You may be asking yourself, “What does the pandemic have to do with my home insurance?” A large determining factor in what your home insurance premium will cost  you depends on the replacement cost of your home. If the reconstruction cost of your home increases, so does your insurance premium. One of the consequences that we have seen in many industries, due to covid, is supply chain shortages. This is massively affecting the building industry.
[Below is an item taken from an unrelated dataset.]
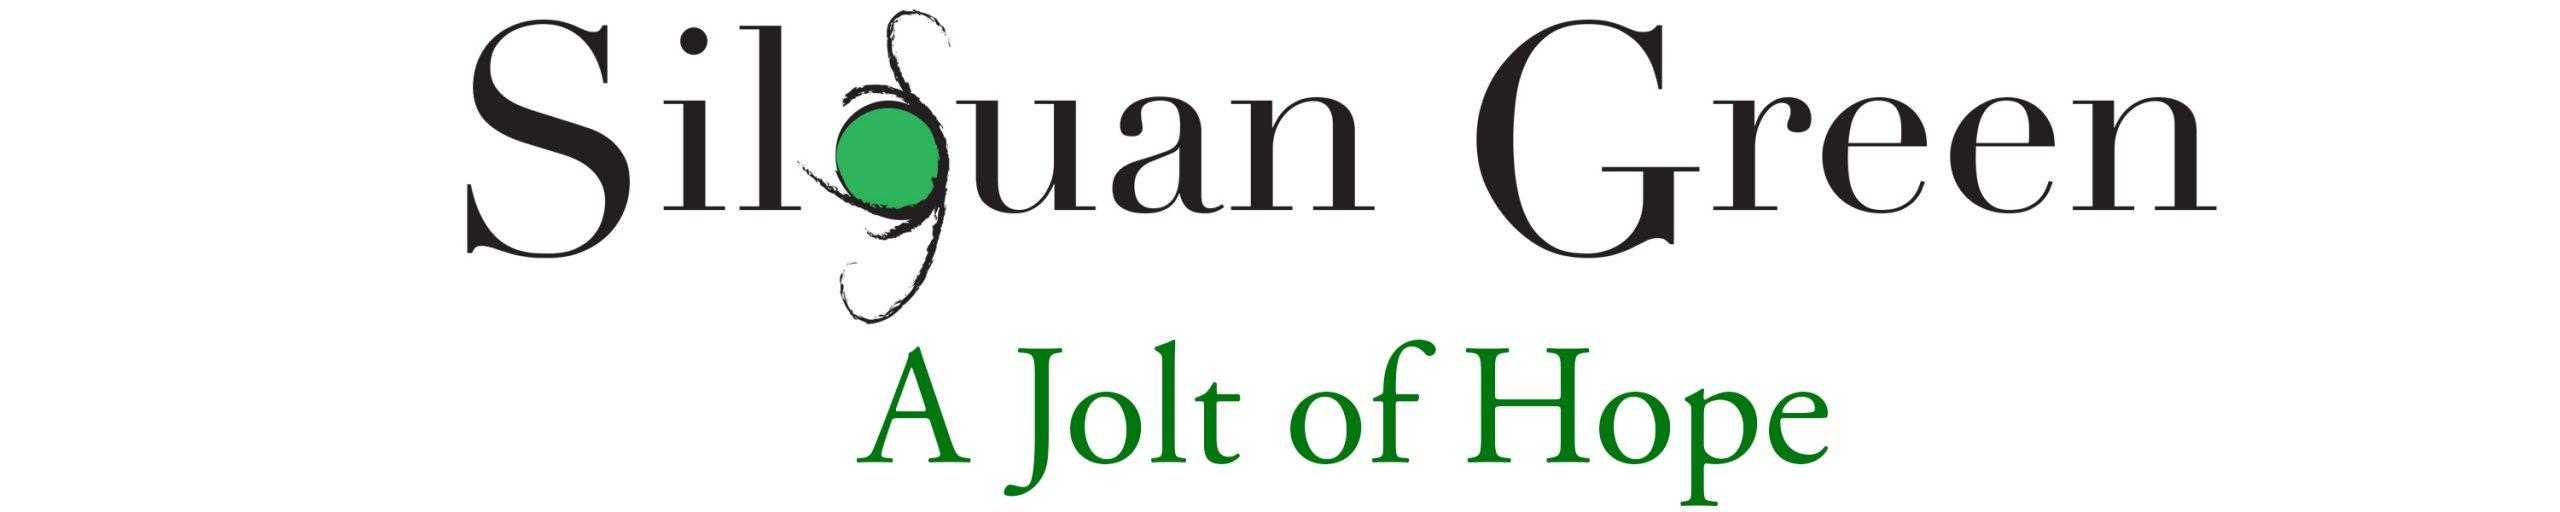 Silouan Green

Things are taking longer to build and increased demand has stressed the supply chain, causing costs to rise. Add this to the fact that the cost of building materials has skyrocketed. Another piece of the puzzle is the dramatic labor shortages being felt in many industries, including the building and construction industries. Exasperating it all is the ever-rising inflation which is set to break records and is being felt all across the country. When supply and labor is down but demand and cost of materials are up, it simply costs much more to build. All of these pandemic-related consequences are causing home insurance premiums around the country to rise dramatically.

Of course these are not the only reasons for increased home insurance premiums. Increased number and intensity of catastrophic storms are also pushing premiums higher as more claims are being made and costs increase for insurance companies. This year, there were 18 weather disasters around the country, each causing $1 billion in losses. Insurance companies are feeling the pinch, with only three of the 52 local insurance agencies in Florida realizing profit in 2021. These losses will be passed down to policyholders.

Which states are seeing the highest premium jumps? The Insurance Information Institute reports that Louisiana, California, and of course Florida all saw premiums jump 20-30%! Some industry insiders see the spiking numbers as temporary, but many warn policyholders to re-evaluate the reconstruction cost of their property to ensure that their current coverage is adequate for today’s market. The Florida Keys real estate market is one that is even more vulnerable than most to the implications causing premium rises. If you own a home in the Keys, check with your home insurance company to make sure that you have enough coverage before you need to make a claim!